If you need tips on recall training and getting Pippa to think you are more interesting then other dogs you can look at that video for tips.


----------



## dandogman (Dec 19, 2011)

Sleeping_Lion said:


> I walk my dogs on an open expanse of moorland, yet I know that where I park my car, people won't be able to see me coming, so I put my dogs on lead. When I let them out of the car, I don't need to, but for the sake of common courtesy, I put them on lead and walk them back down to the car to make sure they're not a nuisance to anyone else. All it takes is a little bit of forethought, if you can't see another dog coming, and you know it might be the case, make it a point to recall your dog, and that goes for you too dandogman, and make sure they're not a nuisance. Then you can't be blamed for anyone else's dog being a problem


If I had saw this dog before I did, I would have put in a better recall attempt or asked the lady to wait whilst I recalled my dog.


----------



## Sleeping_Lion (Mar 19, 2009)

emmaviolet said:


> If you need tips on recall training and getting Pippa to think you are more interesting then other dogs you can look at that video for tips.

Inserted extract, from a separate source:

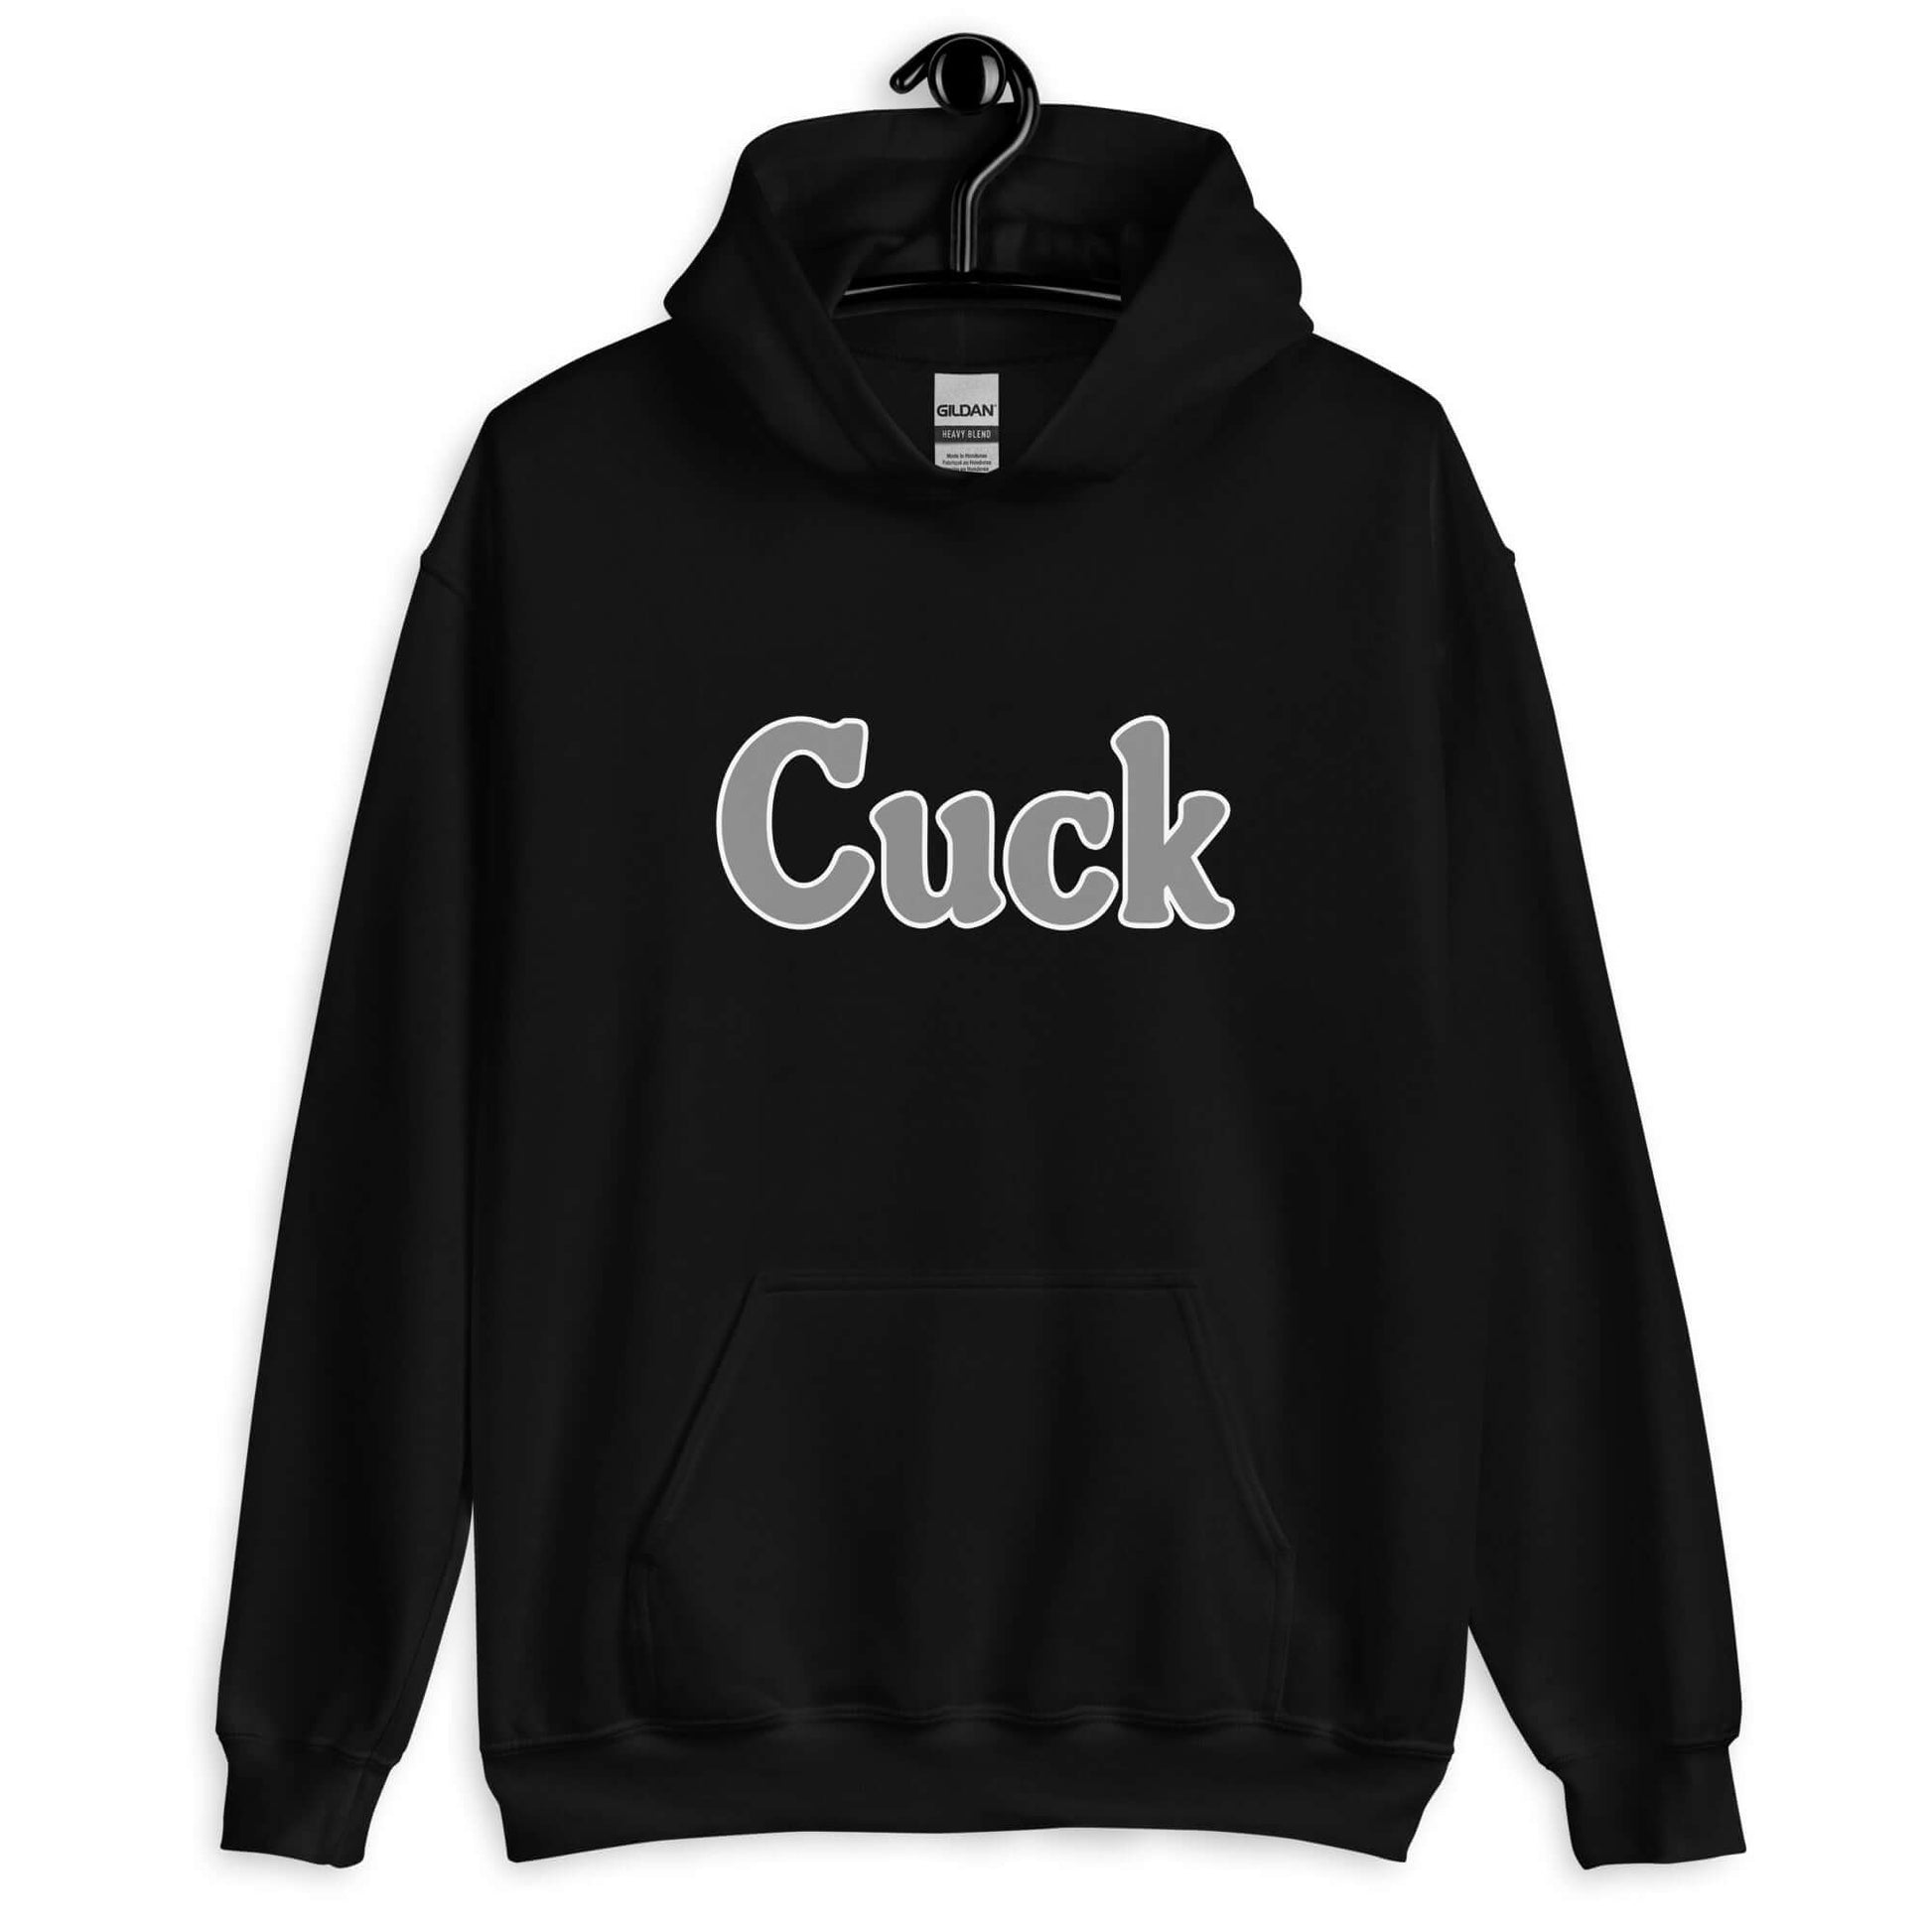 Black hoodie sweatshirt with the word Cuck printed on the front in grey.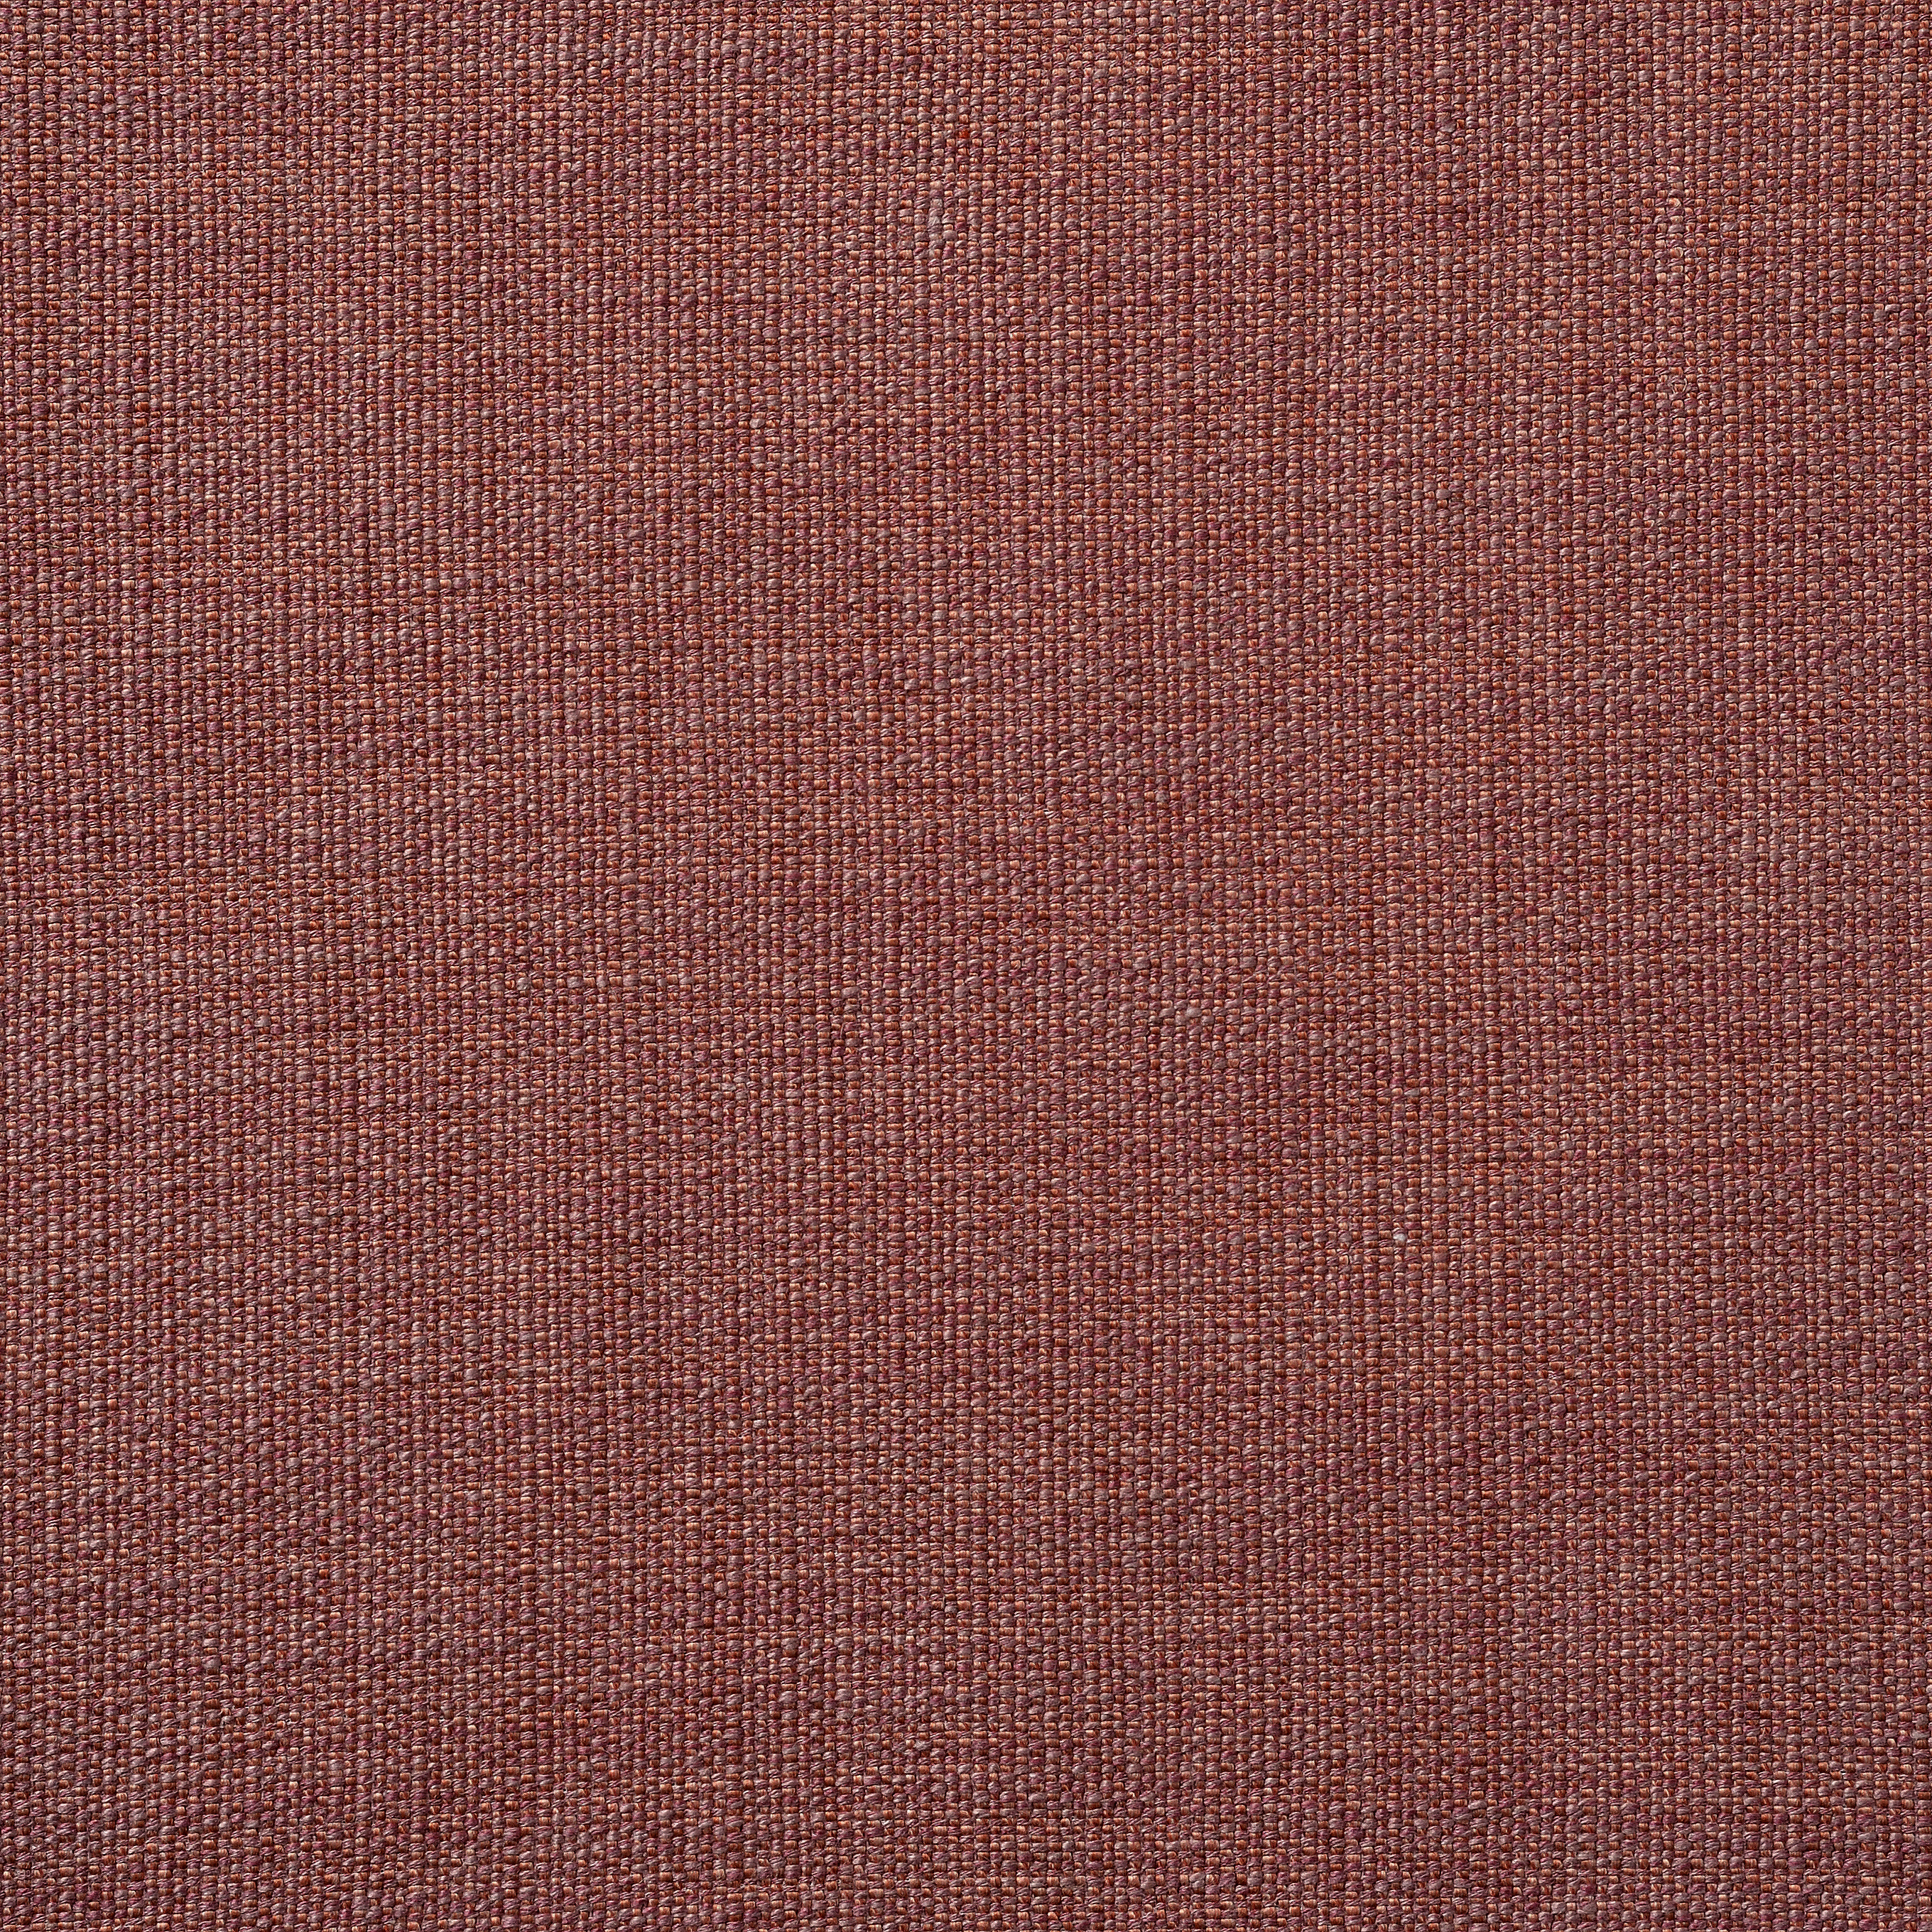 Mitford Rustic Weave - Blush Marl

Emmaviolet, with all courtesy, I do hope you are older than the op? Otherwise, what is the point of being so patronising.


----------



## dandogman (Dec 19, 2011)

emmaviolet said:


> If you need tips on recall training and getting Pippa to think you are more interesting then other dogs you can look at that video for tips.


What video is that?


----------



## Owned By A Yellow Lab (May 16, 2012)

I have a very reactive dog. If I was approaching a closed field or similar area, and there was someone nearby with a dog, I would definitely wait, especially if I could see they were heading for the exit. (yes am writing on the assumption that the other owner could see Dan and Pippa).


DAN I feel for you - I have worked really hard on Dex's recall but occasionally, yep - he goes over to another dog. I am always right there behind him, apologising. 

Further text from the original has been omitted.